Czech President Milos Zeman says he would like his country to withdraw its recognition of Kosovo as a sovereign nation.
Speaking during a September 11 visit to Belgrade, Zeman said he would discuss the move with Czech lawmakers.
"The Hague tribunal recently issued news where it expressed suspicion about the war crimes of Kosovo representatives, and I think the prime minister resigned because of this. Let me say a personal opinion that a war crimes-led state should not be located in the community of democratic countries,” Zeman said.
Zeman's spokesman Jiri Ovcacek backed up the president's statement, saying in a tweet that he "would ask [the Czech government] whether it is possible to review the acknowledgement of Kosovo."
The president does not have the power to make the move on his own.
Kosovo Prime Minister Ramush Haradinaj resigned in July ahead of his questioning by a Hague-based court investigating alleged war crimes by fighters from the Kosovo Liberation Army two decades ago. He has since acted in a caretaker role.

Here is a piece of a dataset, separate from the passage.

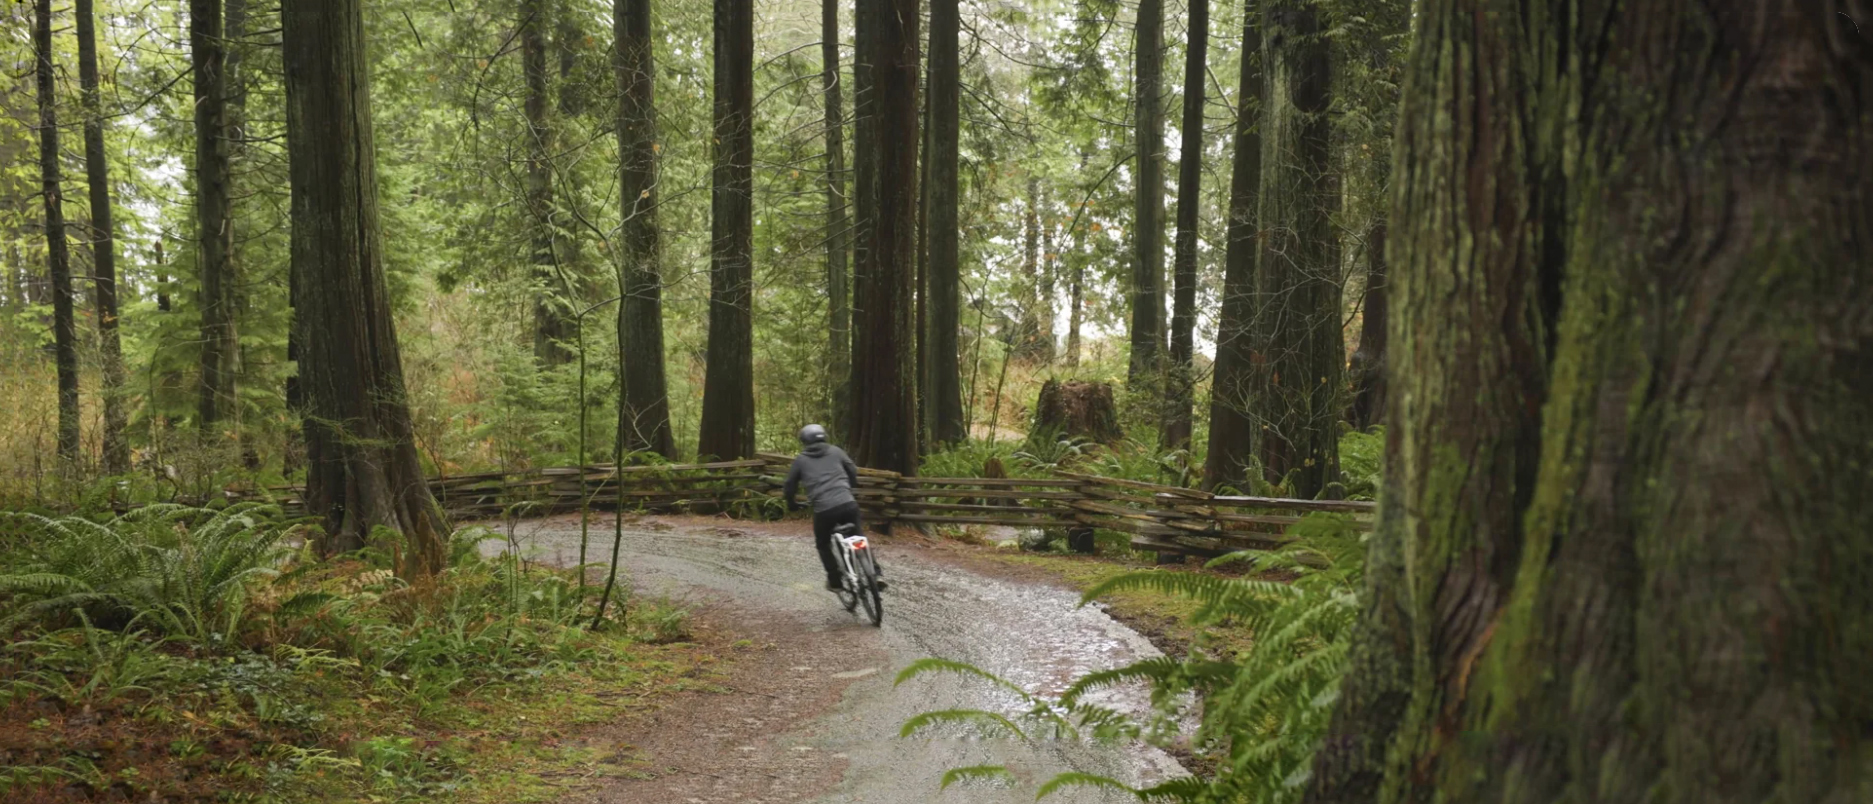 DŌST KOPE a high performant commuter e-bike

Haradinaj has claimed his innocence, but said he felt he could not go to The Hague as the head of the government.
It was the second time Haradinaj, a former commander in the Kosovo Liberation Army, has stepped down as a result of accusations from The Hague.

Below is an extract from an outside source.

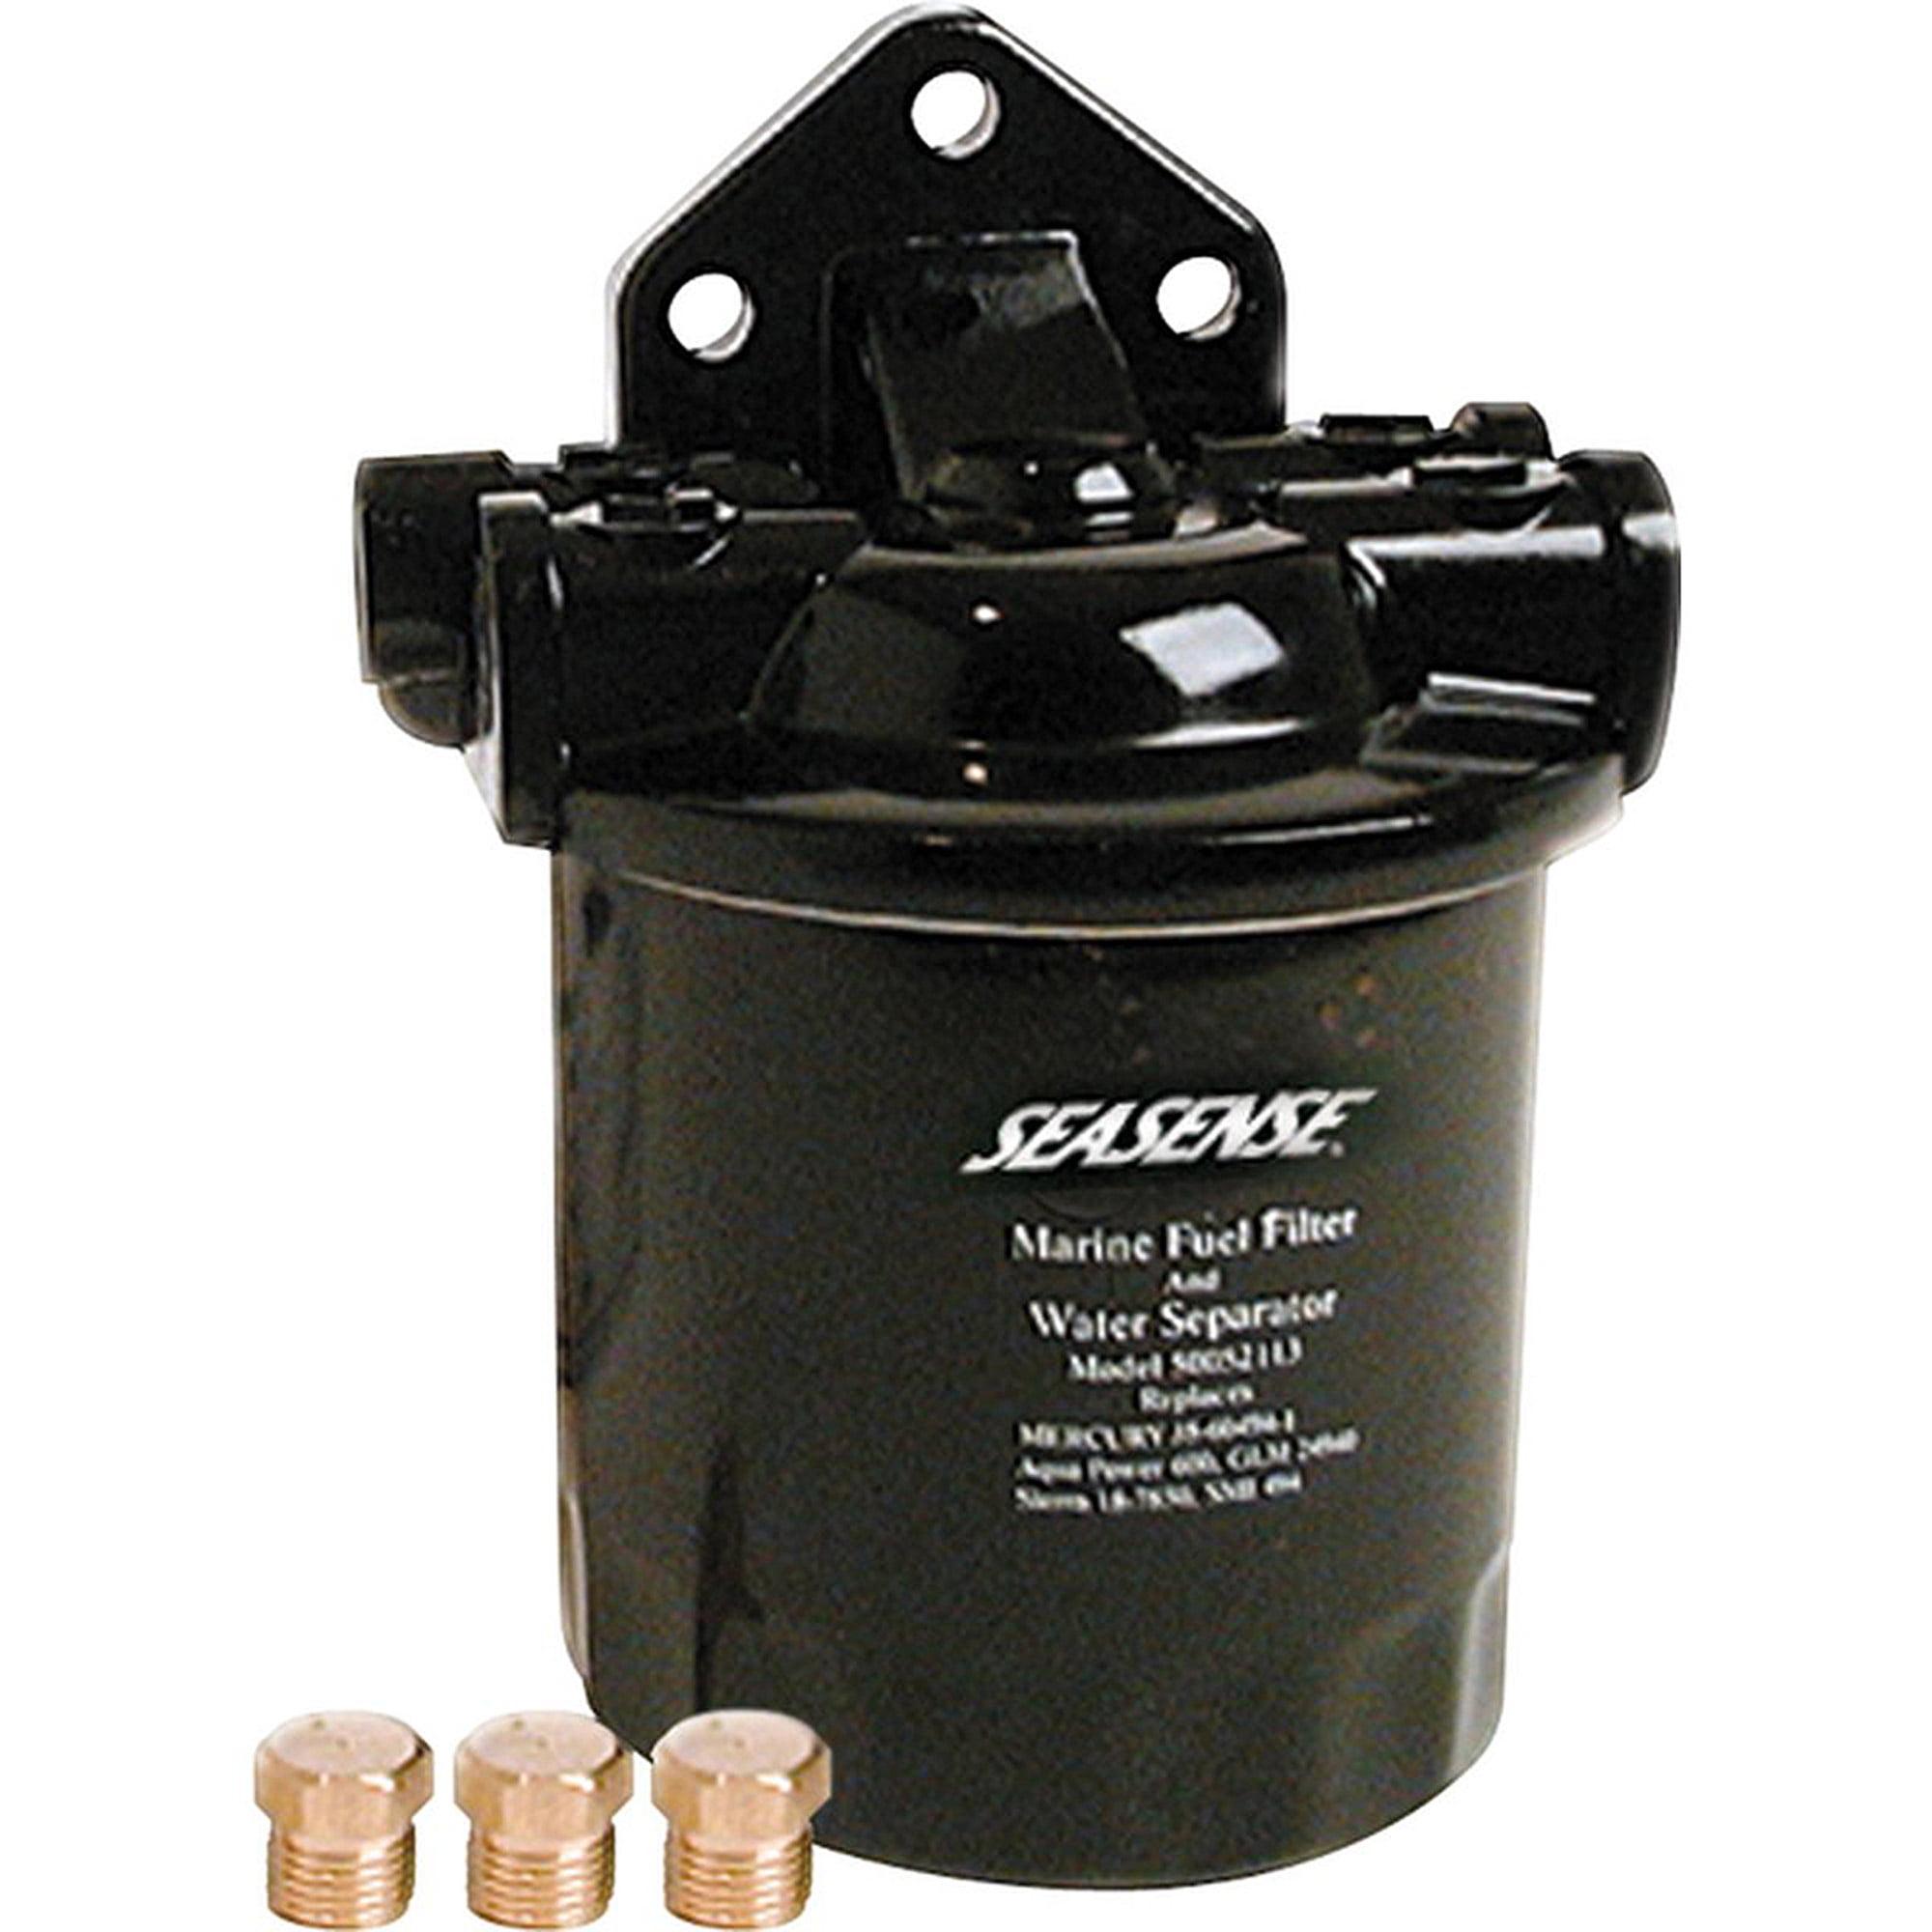 Fuel Water Separator Filter >> Seasense Fuel Filter Water Separator Kit Walmart Com

In response to Zeman's statement, Kosovo said it was pulling out of a September 12 summit in Prague where several western Balkan countries will meet with prime ministers from EU members the Czech Republic, Hungary, Poland and Slovakia, according to a Czech government spokesperson.
A former Serbian province, Kosovo declared independence in 2008. Although more than 110 countries recognize Kosovo's statehood, Belgrade, and its traditional ally Moscow, do not.
European Union-mediated talks between Kosovo and Serbia to settle their differences have stalled.